> **Task description**
Don't include any picture when you restate the data word for word.

> **Recorded information**
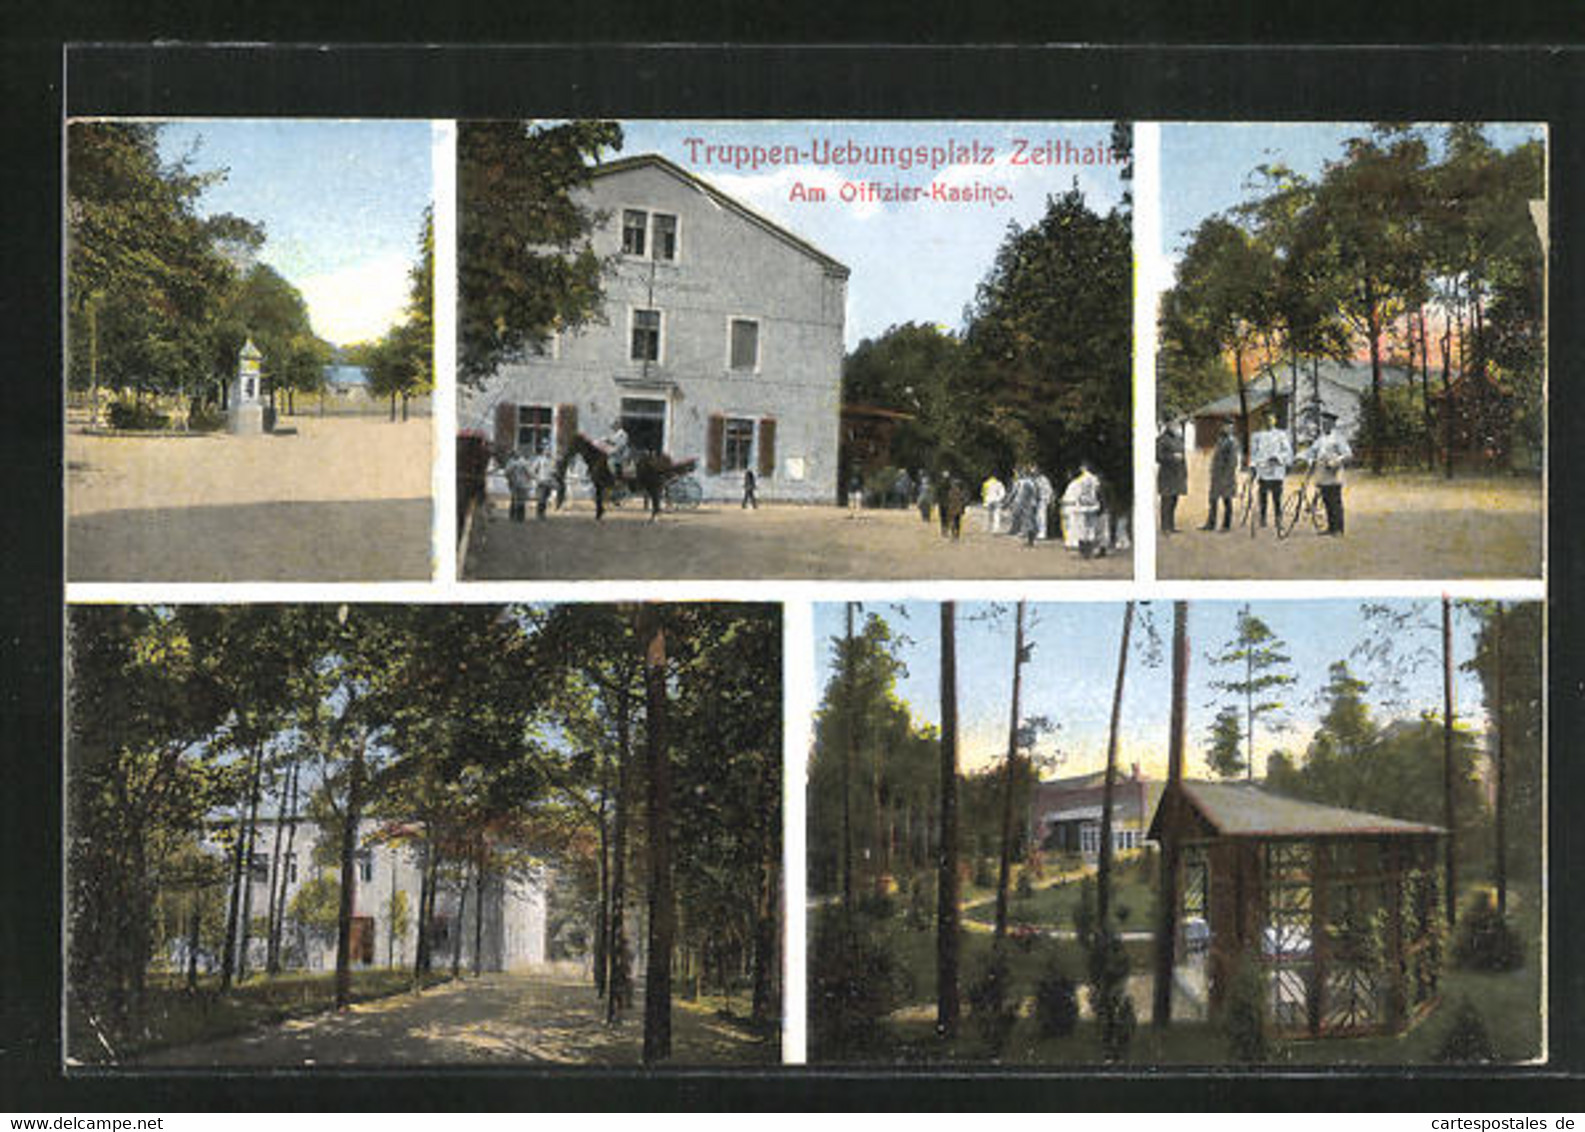 AK Zeithain, Truppen-Übungsplatz, Am Offizier-Kasino, Soldaten Mit Fahrrädern, Pavillon - Zeithain
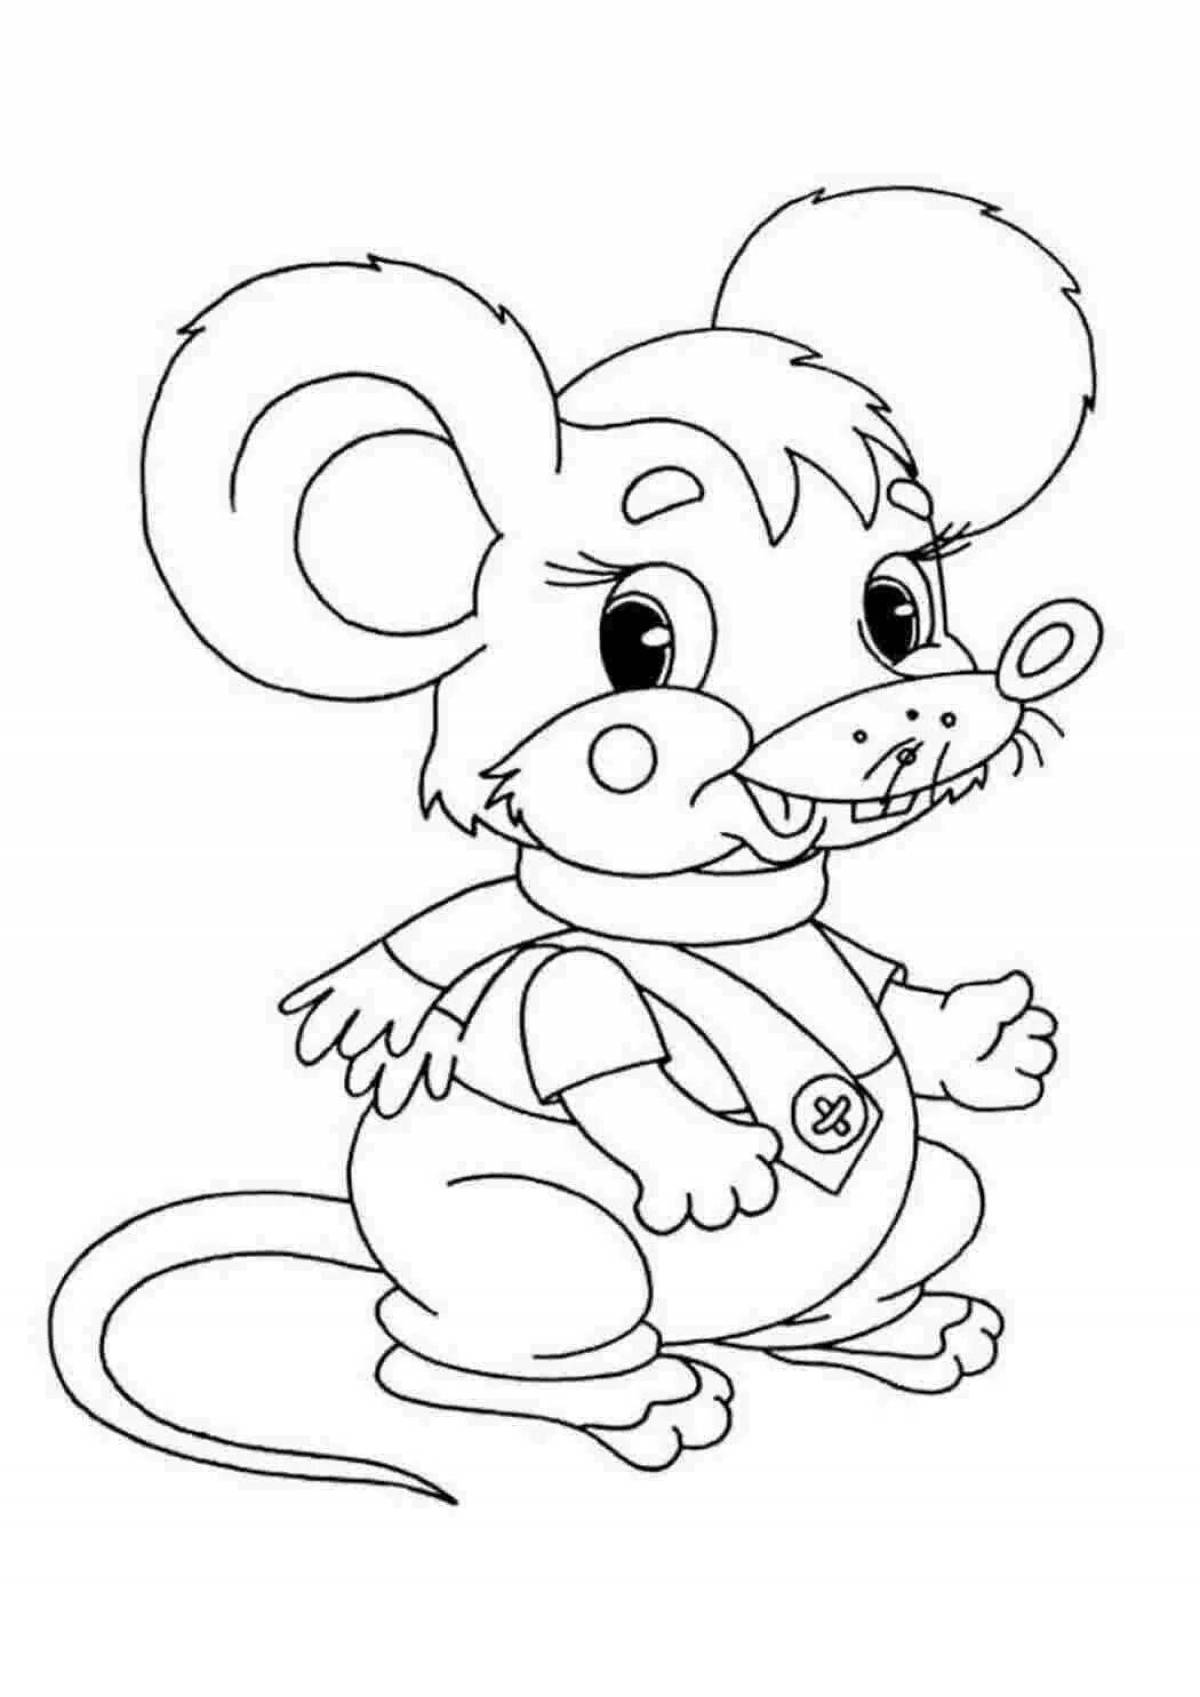 Раскраска зверята распечатать. Раскраска мышка. Мышонок раскраска для детей. Раскраска зверята для детей. Мышка раскраска для детей.
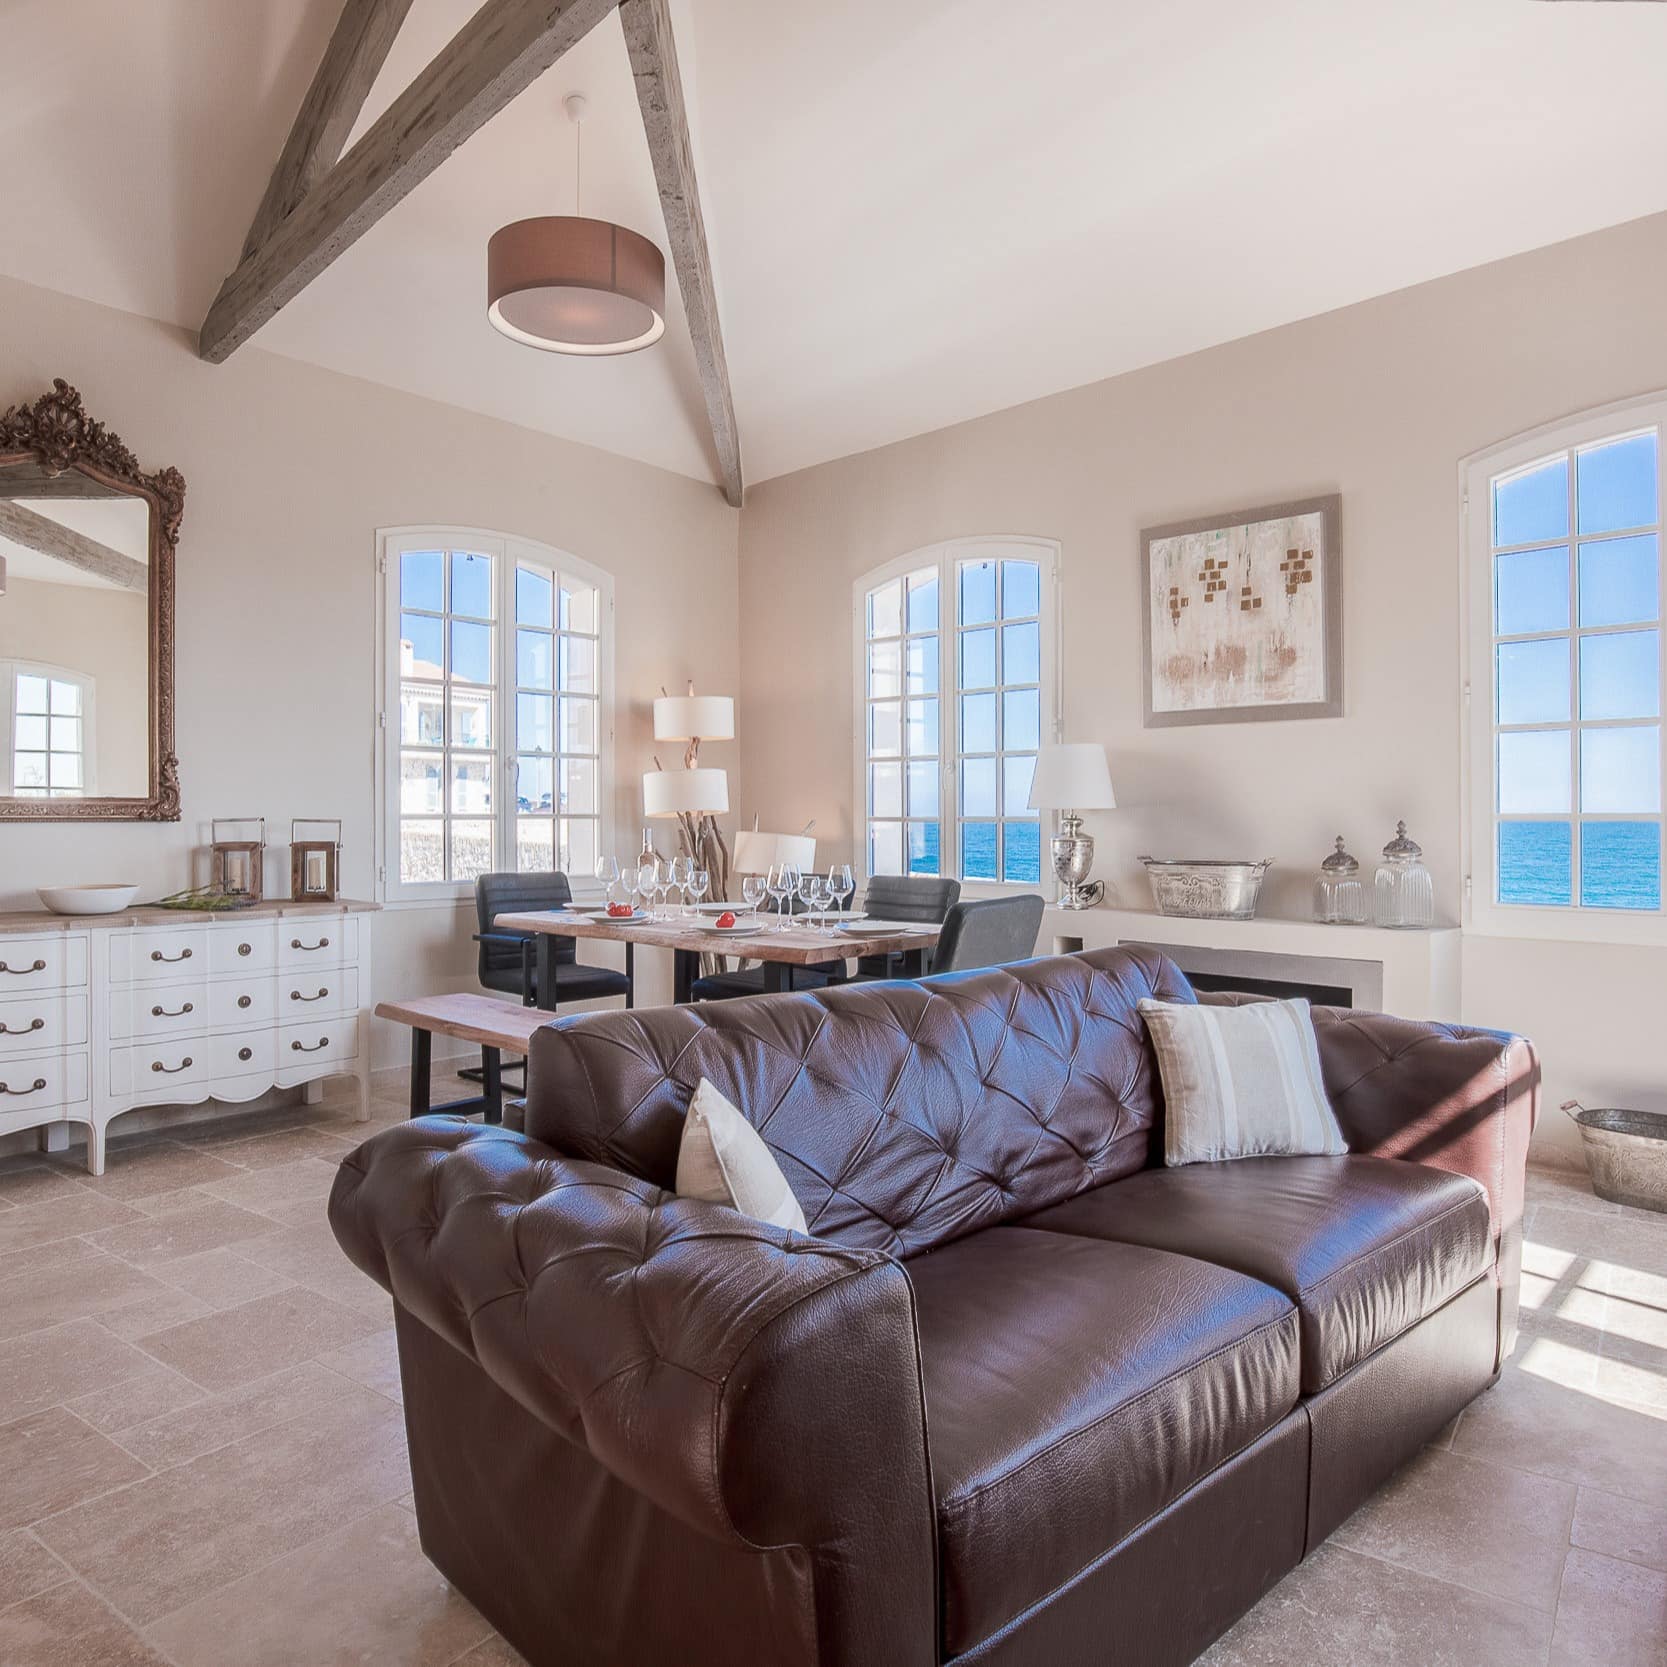 Wohnzimmer mit Meerblick eines Ferienhauses an der Côte d’Azur mit gehobener Ausstattung

> **Output**
 AK Zeithain, Truppen-Übungsplatz, Am Offizier-Kasino, Soldaten Mit Fahrrädern, Pavillon - Zeithain
 Раскраска зверята распечатать. Раскраска мышка. Мышонок раскраска для детей. Раскраска зверята для детей. Мышка раскраска для детей.
 Wohnzimmer mit Meerblick eines Ferienhauses an der Côte d’Azur mit gehobener Ausstattung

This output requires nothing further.